Of course small government types love the idea of competition tax regimes, because that suits their basic goal of seeing that government is strangled of ability to provide services.  But they don't like acknowledging that competition can lead to a race to the bottom.

It seems to me that it clearly can - with the best example being Kansas in America.  It's in serious fiscal trouble because of Laffernomics which Art promises will help them, eventually.  Maybe in 10 years?   Meanwhile, its universities lose funding.   So sorry, universities: Art says it'll all come good, one day.

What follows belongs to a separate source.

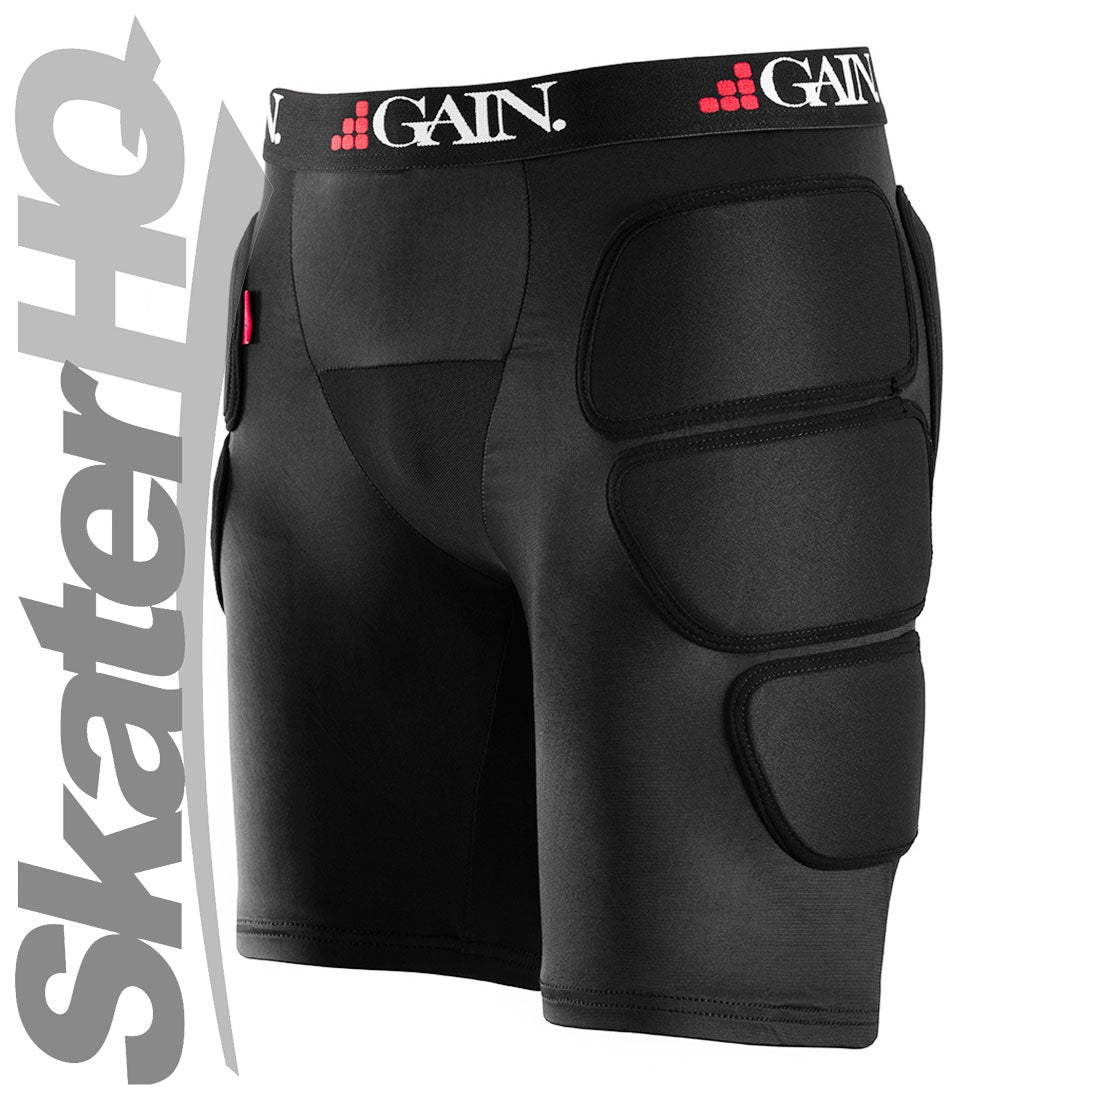 GAIN Sleeper Hip/Bum Pads - Black - M Protective Gear

Creighton notes a couple of things that happened under State competition in Australia:
But Egan sounds a note of warning. “I hope [this reform] wouldn’t mean states would compete their income tax rights away as they did with payroll tax,” he says.
Indeed, then prime minister William McMahon ceded states payroll tax in the early 1970s, to help restore their financial independence. But this was undone by an explosion of tied grants under the Whitlam government. Payroll taxes are theoretically efficient — broadly similarly to a consumption tax, in fact — but states progressively increased the turnover threshold to win votes from small businesses. This meant rate increased on a dwindling base — the very opposite of good tax policy. The same can be said for inheritance tax — a relatively efficient (and some would say fair) tax that Queensland premier Joh Bjelke Peterson effectively killed off in the 1980s. This prompted other states to follow suit.
In fact, states have access to the most efficient tax of all — land tax. They could in theory spurn all Canberra’s money and levy a flat rate percentage rate of tax on all land: business and residential.
Well, that land tax reform is unrealistically ambitious and isn't going to happen, but economists like to fantasize about efficiency.

But I will give credit to Creighton for noting these "race to the bottom" examples - even if he reluctant to name them as such.


1 comment:

Not Trampis said...

What about where companies are located near borders say Albury /Wodonga. The people in payrolls would have nightmares. Three different taxing regimes. would it be where you live or where you work?